Quote:
The soil is supposed to be capped anyhow, so you don't need to remove your substrate and rinse it.(many planted tank forums are referring soil to dirt, not sure if you are aware of that).
And like I said, you can remove the fish, they can remain in another container and remain heated. Once everything is settled down, the tank will be warm enough again and your fish can go back into the tank.
Yes, I know soil is dirt.
I'm referring to the substrate cap (the non-soil one that is theoretically in there now).
Unless we're crossing wires and I'm misunderstanding you, you're talking about a way to add dirt/soil to the bottom of an existing non-dirt/soil substrate (gravel, sand, etc), right?

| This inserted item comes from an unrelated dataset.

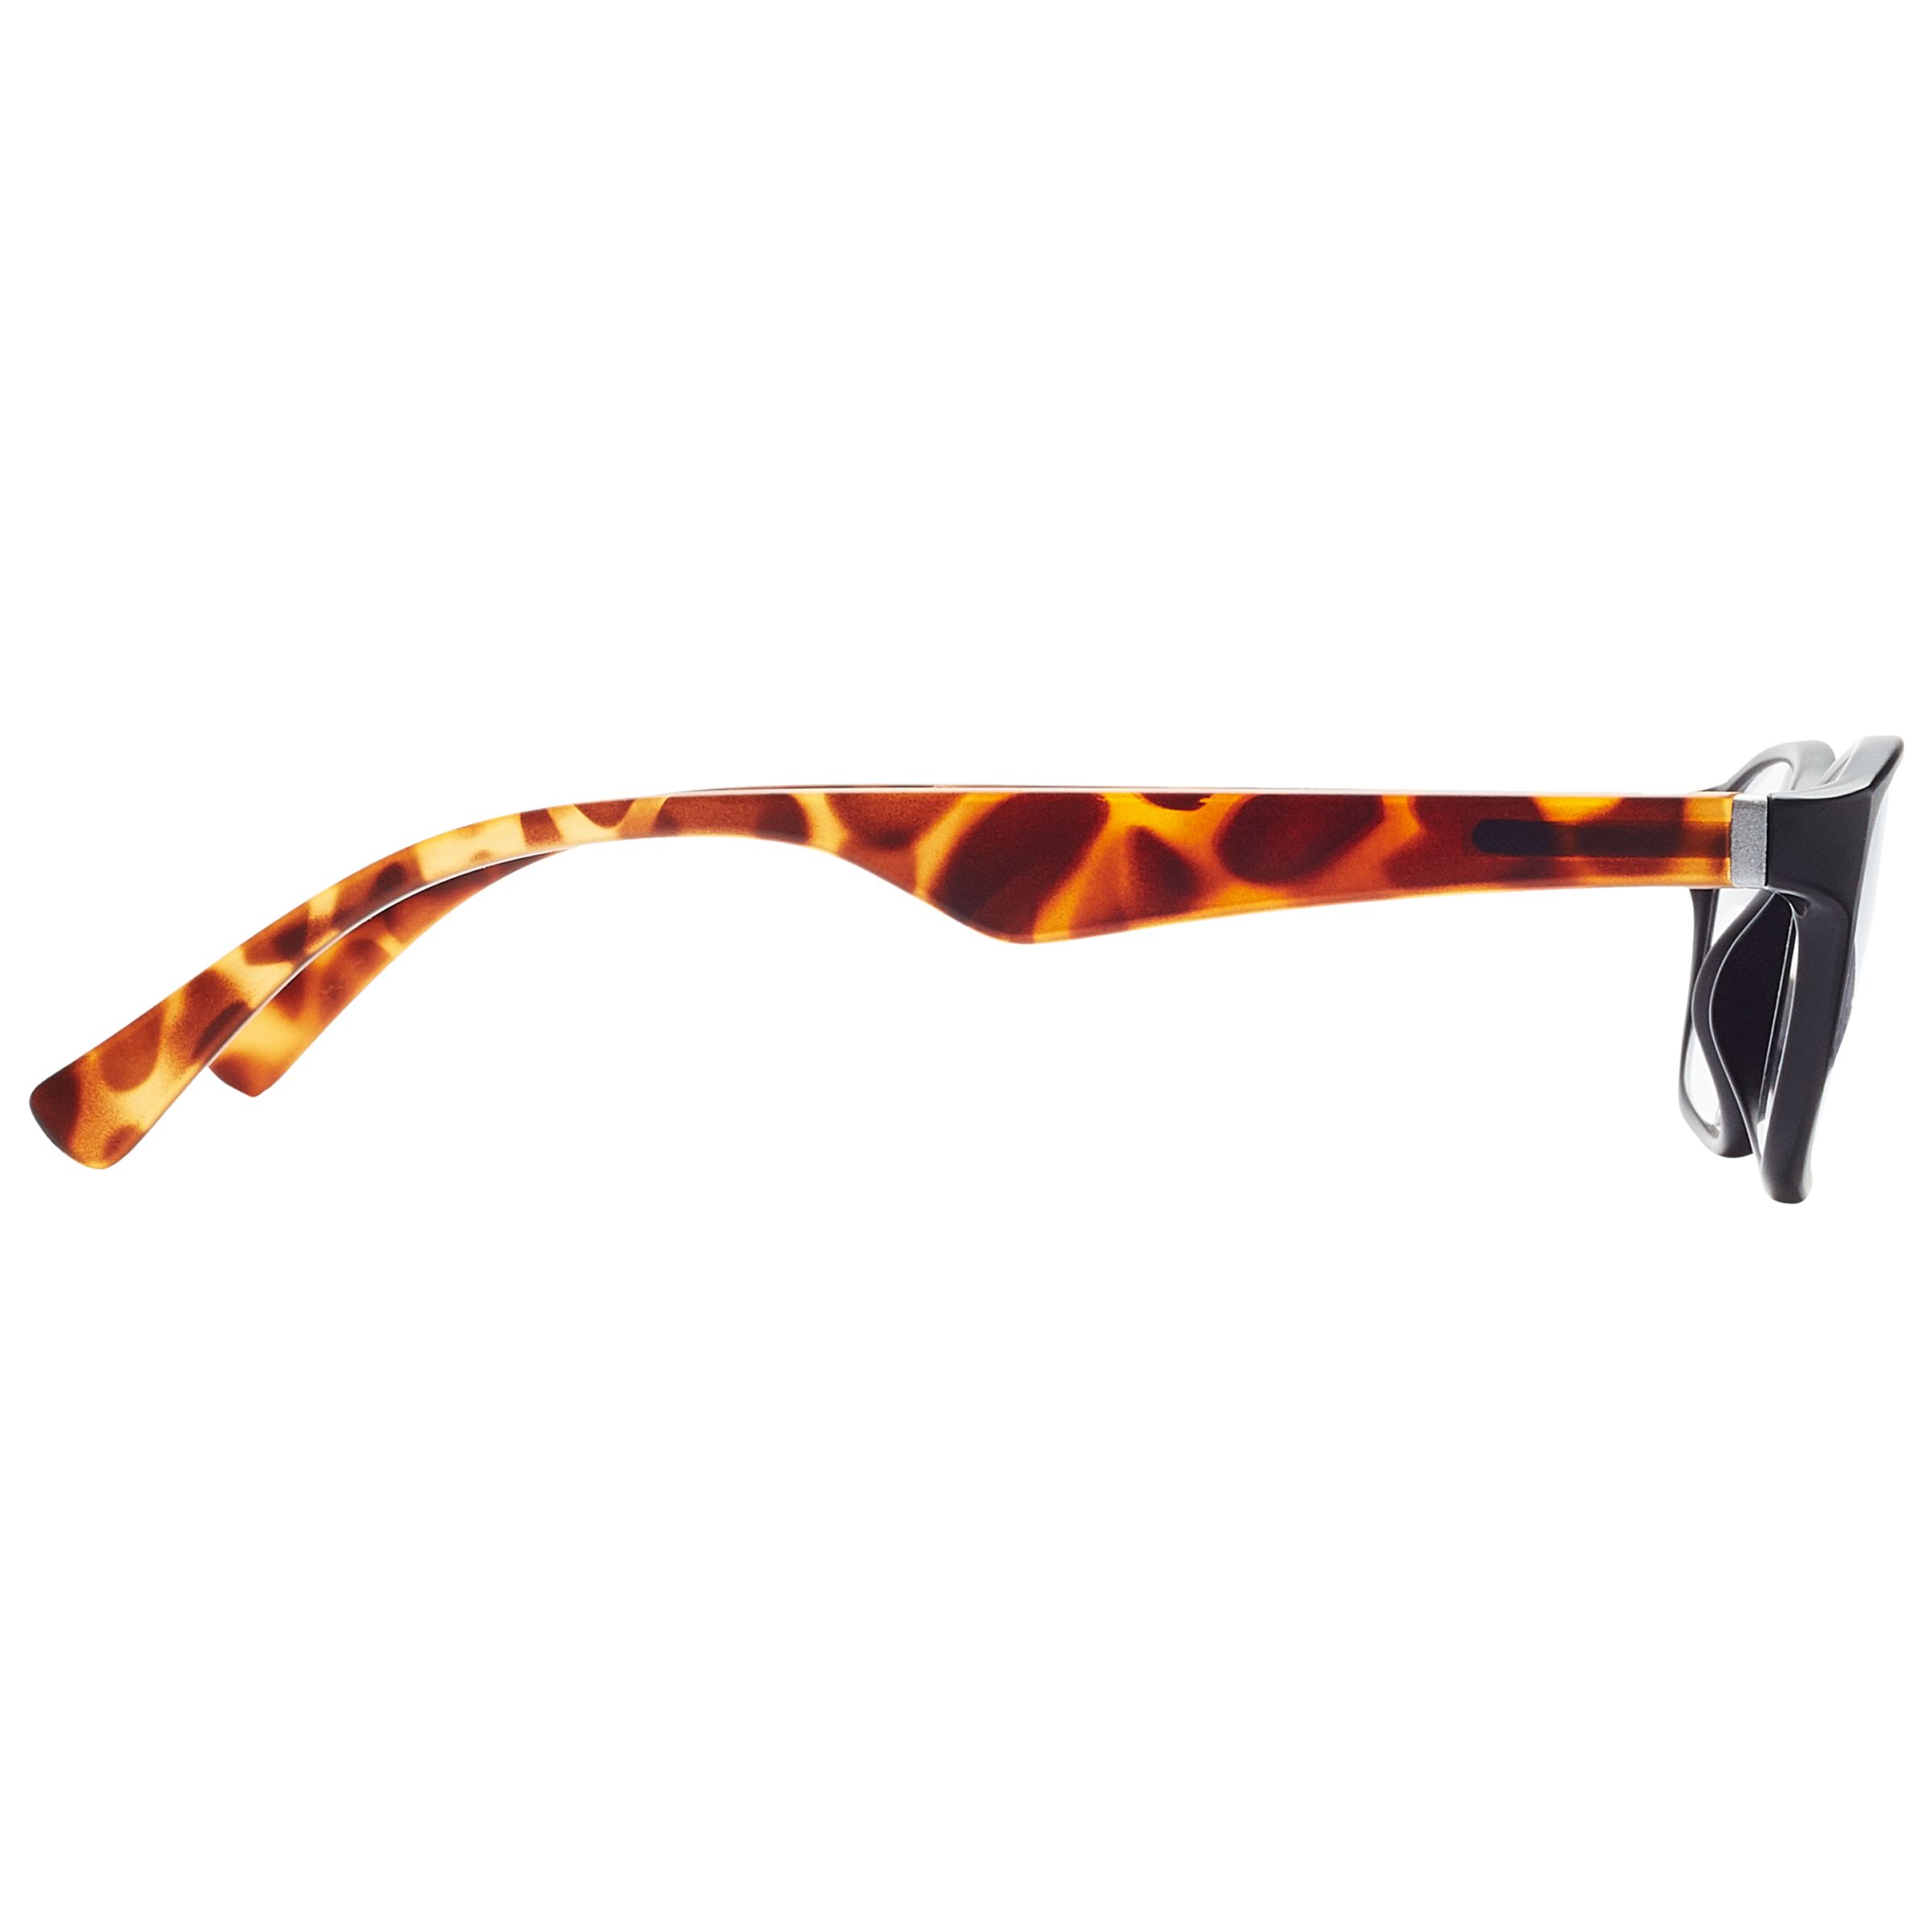 Buy Magnif Eyes Unisex Average Fit Ready Readers Olympia Glasses, Tortoise Online at johnlewis.com

Any substrate in an established tank is going to have all kinds of gunk trapped in it that you don't want to release without risk to the fish, even if you change the water, much will be newly-exposed and likely start producing ammonia and other junk in the water. So major disturbances to existing established substrate should be kept to a minimum. Even carefully "shimmying" in frozen blocks would be a pretty major distubance, if you're coating the whole tank bottom with them under the existing substrate (which would now be a cap for the dirt/soil).
Of course, if I'm misunderstanding what you're proposing, then perhaps this warning doesn't apply, and I'd love to hear more about this, because it does seem interesting.
(I mentioned the temperature issue because you said "Can also remove the fish
if you want" but I don't see that as particularly optional for major work like this.)